<<<<
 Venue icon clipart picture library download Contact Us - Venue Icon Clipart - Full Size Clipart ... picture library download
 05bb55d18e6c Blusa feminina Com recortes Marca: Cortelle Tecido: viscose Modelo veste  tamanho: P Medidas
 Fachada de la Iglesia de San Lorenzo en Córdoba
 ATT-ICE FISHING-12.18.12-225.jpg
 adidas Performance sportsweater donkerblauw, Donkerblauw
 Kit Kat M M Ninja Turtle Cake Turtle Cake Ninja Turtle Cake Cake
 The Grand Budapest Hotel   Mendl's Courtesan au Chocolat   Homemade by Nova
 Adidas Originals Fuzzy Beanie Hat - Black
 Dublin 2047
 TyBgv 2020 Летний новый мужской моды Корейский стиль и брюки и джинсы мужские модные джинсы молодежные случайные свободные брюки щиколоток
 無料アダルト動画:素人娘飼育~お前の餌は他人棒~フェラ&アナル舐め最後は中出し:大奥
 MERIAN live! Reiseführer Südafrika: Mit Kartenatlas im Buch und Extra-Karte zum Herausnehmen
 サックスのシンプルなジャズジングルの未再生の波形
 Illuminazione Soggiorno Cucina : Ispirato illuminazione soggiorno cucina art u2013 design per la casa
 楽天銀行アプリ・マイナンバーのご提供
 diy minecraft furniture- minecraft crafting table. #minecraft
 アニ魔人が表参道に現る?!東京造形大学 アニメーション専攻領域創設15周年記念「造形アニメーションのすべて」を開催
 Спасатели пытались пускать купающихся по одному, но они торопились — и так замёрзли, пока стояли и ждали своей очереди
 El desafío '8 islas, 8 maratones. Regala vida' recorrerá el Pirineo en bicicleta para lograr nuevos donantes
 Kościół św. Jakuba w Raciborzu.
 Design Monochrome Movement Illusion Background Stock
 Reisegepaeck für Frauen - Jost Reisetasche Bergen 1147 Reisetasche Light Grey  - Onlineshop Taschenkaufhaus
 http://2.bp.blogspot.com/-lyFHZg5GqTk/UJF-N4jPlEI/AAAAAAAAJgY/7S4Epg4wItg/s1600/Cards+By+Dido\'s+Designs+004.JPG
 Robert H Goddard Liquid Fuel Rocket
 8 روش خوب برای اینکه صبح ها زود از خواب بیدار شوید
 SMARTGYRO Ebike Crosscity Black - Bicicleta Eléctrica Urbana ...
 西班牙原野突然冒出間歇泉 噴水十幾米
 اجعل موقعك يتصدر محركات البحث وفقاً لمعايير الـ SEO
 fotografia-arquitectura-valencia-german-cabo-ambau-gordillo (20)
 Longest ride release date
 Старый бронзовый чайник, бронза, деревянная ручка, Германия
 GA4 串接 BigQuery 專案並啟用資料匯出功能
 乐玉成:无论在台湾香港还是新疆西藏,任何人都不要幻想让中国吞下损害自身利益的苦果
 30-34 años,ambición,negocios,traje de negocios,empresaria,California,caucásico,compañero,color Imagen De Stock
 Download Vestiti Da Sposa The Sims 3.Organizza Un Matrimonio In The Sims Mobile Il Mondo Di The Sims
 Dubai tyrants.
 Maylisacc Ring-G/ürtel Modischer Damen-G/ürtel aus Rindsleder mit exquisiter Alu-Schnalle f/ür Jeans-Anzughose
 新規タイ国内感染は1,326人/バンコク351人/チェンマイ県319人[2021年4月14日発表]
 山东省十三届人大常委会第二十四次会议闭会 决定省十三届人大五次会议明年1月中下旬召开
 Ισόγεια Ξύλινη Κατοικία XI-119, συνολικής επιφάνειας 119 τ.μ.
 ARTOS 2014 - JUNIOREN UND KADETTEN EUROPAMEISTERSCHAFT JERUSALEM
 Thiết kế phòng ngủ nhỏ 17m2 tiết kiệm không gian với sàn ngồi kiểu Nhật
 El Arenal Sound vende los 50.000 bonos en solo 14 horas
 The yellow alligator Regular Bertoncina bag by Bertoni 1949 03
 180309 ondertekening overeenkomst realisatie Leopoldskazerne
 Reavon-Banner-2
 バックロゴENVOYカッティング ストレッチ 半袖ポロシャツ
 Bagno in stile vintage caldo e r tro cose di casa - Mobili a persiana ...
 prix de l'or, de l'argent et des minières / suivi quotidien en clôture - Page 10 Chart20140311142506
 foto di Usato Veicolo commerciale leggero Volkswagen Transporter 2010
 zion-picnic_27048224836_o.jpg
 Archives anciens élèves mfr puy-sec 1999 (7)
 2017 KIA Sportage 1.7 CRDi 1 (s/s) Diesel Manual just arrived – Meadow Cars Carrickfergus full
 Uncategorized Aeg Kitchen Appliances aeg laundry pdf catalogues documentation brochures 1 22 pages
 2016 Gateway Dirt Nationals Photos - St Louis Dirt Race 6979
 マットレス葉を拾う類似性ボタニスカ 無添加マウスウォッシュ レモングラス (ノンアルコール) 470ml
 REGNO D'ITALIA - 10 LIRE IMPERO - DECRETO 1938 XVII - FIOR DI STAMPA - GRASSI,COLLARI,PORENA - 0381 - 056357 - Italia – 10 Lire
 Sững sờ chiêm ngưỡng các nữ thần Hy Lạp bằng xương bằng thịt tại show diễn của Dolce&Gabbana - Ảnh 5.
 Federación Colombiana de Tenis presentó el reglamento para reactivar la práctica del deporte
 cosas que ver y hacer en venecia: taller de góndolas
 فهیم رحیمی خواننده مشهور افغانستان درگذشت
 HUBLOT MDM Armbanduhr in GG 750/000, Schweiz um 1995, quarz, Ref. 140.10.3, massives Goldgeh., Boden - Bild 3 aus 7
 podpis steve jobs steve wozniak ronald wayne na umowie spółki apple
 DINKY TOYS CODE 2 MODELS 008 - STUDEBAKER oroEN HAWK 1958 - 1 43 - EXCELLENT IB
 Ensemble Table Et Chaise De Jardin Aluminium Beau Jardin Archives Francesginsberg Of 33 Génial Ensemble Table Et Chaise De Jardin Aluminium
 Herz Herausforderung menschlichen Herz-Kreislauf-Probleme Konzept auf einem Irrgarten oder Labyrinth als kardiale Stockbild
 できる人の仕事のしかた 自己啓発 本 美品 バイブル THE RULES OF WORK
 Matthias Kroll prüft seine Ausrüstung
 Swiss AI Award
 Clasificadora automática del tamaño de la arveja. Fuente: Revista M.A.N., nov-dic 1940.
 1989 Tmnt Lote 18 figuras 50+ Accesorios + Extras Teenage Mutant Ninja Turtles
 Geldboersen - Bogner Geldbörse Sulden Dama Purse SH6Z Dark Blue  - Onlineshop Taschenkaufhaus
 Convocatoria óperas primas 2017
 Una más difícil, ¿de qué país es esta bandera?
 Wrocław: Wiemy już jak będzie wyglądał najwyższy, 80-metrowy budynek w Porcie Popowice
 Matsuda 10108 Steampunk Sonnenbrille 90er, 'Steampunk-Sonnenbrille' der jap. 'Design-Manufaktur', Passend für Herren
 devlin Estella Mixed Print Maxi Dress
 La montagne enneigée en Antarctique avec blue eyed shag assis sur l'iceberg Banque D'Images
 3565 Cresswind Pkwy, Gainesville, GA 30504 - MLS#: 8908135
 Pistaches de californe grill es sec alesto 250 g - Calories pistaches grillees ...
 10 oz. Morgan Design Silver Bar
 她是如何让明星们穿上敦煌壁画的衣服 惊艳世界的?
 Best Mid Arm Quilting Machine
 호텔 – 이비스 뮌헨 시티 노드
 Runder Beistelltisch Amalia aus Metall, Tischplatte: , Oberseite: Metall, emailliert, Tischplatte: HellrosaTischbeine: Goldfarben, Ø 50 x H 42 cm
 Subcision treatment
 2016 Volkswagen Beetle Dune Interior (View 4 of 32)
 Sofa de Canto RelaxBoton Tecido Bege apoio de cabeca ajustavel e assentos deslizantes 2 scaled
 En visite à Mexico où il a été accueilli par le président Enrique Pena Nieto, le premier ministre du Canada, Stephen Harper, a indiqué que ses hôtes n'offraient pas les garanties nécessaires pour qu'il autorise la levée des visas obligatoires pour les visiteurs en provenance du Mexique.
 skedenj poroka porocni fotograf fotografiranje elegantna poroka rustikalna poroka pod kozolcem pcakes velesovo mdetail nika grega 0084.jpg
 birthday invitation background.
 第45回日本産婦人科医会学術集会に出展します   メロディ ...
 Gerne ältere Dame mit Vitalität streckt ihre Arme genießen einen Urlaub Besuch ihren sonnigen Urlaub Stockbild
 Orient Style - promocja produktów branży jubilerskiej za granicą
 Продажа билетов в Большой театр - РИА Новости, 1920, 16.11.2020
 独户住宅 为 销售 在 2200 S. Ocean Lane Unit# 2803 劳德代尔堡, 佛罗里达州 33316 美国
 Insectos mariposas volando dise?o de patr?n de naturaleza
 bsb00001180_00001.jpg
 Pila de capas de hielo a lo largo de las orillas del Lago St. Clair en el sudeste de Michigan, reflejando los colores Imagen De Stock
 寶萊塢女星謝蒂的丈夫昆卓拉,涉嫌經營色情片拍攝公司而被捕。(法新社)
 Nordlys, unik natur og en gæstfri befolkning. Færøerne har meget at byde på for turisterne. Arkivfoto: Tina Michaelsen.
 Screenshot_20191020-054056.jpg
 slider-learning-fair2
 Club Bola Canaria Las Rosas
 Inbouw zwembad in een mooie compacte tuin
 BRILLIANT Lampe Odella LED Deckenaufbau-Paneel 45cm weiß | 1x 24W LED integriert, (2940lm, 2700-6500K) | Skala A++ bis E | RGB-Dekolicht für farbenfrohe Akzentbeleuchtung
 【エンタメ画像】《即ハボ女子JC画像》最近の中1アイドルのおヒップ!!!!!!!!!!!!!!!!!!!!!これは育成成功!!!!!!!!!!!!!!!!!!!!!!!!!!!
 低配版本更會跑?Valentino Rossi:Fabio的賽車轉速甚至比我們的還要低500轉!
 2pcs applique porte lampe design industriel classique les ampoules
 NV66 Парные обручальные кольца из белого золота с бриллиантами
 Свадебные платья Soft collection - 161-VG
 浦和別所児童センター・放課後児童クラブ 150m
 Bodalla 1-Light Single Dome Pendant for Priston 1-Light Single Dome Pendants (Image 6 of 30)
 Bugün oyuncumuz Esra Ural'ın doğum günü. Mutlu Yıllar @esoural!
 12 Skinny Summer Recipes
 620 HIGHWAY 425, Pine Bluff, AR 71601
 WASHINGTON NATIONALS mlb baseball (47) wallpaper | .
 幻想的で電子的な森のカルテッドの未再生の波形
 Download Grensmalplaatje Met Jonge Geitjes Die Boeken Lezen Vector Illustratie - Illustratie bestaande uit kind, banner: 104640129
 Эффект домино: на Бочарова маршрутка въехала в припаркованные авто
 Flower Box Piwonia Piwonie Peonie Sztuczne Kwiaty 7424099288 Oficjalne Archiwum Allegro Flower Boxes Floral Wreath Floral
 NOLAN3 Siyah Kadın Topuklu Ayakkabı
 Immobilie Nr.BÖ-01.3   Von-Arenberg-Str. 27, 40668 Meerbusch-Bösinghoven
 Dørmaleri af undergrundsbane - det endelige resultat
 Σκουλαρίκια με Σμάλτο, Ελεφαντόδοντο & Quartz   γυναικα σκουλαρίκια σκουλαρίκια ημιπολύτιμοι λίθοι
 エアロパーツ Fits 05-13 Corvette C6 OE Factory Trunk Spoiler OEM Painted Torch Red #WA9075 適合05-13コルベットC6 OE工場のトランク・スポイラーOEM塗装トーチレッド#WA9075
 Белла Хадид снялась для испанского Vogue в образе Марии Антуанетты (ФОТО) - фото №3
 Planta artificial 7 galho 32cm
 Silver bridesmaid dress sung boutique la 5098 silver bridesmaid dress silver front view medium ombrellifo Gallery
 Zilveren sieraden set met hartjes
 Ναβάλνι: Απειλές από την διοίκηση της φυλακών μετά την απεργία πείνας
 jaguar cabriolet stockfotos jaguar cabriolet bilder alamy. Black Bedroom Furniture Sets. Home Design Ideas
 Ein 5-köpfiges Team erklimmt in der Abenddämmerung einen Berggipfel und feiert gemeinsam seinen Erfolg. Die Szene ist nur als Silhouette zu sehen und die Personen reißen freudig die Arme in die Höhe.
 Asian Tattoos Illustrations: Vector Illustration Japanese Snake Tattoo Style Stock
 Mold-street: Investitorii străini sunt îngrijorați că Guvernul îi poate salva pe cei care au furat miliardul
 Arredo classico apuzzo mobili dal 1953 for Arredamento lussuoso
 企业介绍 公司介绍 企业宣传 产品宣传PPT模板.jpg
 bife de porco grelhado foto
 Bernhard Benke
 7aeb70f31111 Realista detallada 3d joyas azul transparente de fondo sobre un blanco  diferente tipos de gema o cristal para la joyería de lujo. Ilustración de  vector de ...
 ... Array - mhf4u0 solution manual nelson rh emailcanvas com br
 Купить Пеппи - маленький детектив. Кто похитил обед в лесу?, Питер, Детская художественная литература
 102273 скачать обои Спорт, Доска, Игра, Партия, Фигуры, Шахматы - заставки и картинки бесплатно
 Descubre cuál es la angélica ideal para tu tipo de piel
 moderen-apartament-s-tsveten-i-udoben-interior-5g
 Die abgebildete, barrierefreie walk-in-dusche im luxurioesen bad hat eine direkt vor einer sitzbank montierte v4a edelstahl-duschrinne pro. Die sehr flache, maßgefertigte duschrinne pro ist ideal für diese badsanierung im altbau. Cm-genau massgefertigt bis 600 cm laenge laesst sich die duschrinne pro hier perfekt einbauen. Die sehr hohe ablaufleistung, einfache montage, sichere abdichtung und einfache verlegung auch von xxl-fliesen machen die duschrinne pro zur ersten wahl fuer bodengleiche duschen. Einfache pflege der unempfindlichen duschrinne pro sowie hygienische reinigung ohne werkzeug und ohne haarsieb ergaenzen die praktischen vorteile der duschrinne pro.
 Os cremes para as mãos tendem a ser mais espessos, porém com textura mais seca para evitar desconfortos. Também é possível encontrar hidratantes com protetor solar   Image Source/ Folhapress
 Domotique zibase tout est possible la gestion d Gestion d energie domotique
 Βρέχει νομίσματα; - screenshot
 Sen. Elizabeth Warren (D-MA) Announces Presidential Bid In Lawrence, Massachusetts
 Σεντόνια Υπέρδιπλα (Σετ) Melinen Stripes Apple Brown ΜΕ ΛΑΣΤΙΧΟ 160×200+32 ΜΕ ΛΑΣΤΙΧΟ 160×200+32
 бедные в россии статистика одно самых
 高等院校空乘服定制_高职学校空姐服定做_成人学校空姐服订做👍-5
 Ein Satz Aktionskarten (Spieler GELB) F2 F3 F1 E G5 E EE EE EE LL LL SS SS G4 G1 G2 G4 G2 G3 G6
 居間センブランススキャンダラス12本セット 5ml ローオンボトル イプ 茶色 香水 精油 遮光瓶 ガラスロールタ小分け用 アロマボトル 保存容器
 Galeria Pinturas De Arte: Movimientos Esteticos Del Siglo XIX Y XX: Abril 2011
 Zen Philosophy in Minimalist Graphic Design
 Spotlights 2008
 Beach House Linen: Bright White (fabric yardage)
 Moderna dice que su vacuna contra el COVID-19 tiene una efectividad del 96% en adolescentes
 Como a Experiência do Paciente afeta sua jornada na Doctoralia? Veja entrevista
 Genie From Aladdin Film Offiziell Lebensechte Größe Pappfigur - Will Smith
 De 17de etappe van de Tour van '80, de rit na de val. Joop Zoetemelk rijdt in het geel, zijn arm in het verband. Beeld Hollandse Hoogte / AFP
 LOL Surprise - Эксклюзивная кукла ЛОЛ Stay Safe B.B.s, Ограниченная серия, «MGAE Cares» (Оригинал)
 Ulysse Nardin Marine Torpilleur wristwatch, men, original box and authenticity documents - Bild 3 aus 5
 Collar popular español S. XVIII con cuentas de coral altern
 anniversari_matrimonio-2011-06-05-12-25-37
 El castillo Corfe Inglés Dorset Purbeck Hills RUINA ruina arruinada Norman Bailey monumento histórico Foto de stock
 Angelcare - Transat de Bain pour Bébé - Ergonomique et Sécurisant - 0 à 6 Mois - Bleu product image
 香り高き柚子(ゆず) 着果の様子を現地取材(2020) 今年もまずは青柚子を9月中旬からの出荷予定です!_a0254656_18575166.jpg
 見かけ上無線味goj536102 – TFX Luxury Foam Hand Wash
>>>>
**What is being asked:** Search the preceding listing for the word "para" and pull out every line that holds it.

**Solved exercise:**
 El desafío '8 islas, 8 maratones. Regala vida' recorrerá el Pirineo en bicicleta para lograr nuevos donantes
 Federación Colombiana de Tenis presentó el reglamento para reactivar la práctica del deporte
 7aeb70f31111 Realista detallada 3d joyas azul transparente de fondo sobre un blanco  diferente tipos de gema o cristal para la joyería de lujo. Ilustración de  vector de ...
 Descubre cuál es la angélica ideal para tu tipo de piel
 Os cremes para as mãos tendem a ser mais espessos, porém com textura mais seca para evitar desconfortos. Também é possível encontrar hidratantes com protetor solar   Image Source/ Folhapress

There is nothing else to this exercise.